Бубнов сидел на постели, в черных штанах, в открытой сорочке, лицо у него было опухшее и небритое, с багровыми веками. На постели, на полу, на столе, где мутной желтизной сквозил стакан чаю, валялись листы бумаги. Оказалось, что Бубнов одновременно заканчивает новеллу и пытается составить по-немецки внушительное письмо Финансовому Ведомству, требующему от него уплаты налога. Он не был пьян, однако и трезвым его тоже нельзя было назвать. Жажда, по-видимому, у него прошла, но все в нем было искривлено, расшатано ураганом, мысли блуждали, отыскивали свои жилища, и находили развалины (Там же).

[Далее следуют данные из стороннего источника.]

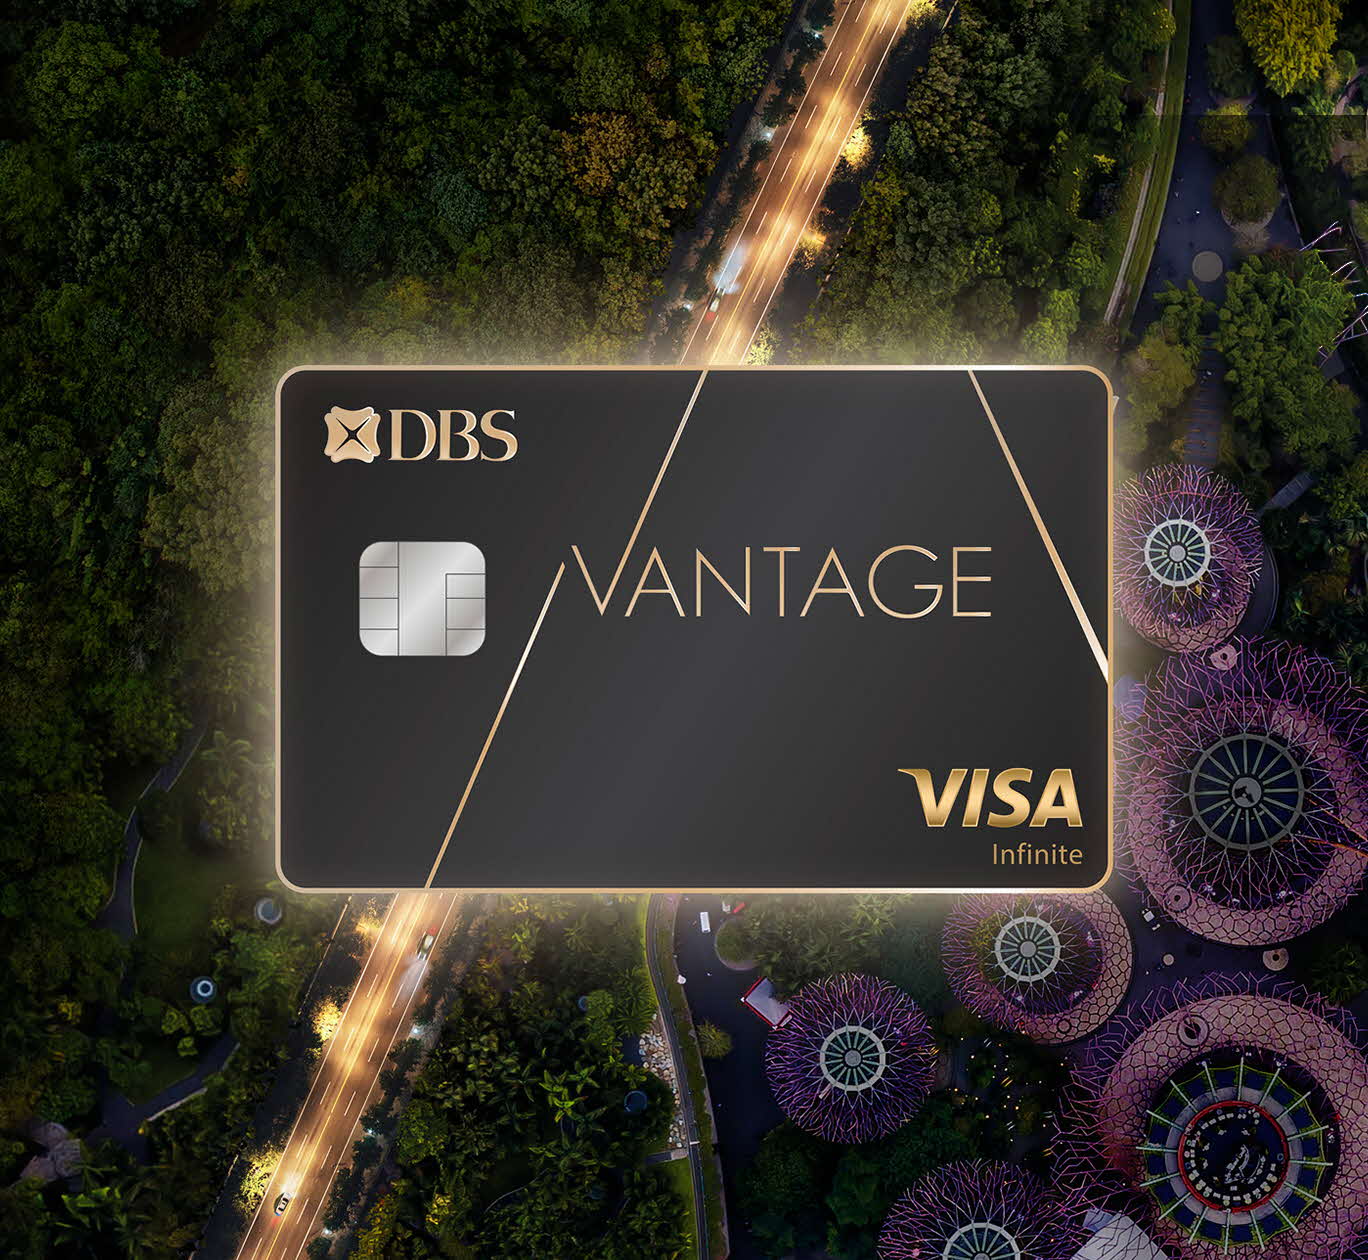 Enjoy up to 80,000 miles when you sign up for DBS Vantage Card by 26 April 2023

Наверное, строку о том, что все в Бубнове искривлено и расшатано ураганом, и о «развалинах» мыслительных процессов персонажа надо отнести именно к той политической трепке, которую выдержал – или, скорее, не выдержал – оригинал обоих набоковских портретов. Вырвав себя из своего естественного – элитного парижского – социального контекста, в Берлине Толстой чувствовал себя менее обязанным соблюдать декорум, стал менее разборчив в общении и много пил.

Сам он очень страдал от социальной изоляции, но сделать уже ничего не мог[403]. Он все ждал обещанного журнала; но его роль в Берлине была сыграна, при этом он потерял свой престиж и больше не был там нужен. Оставался отъезд, он тянул, сколько можно, съездил на разведку в мае – и 1 августа 1923 года погрузился с семьей на пароход, идущий в Петроград.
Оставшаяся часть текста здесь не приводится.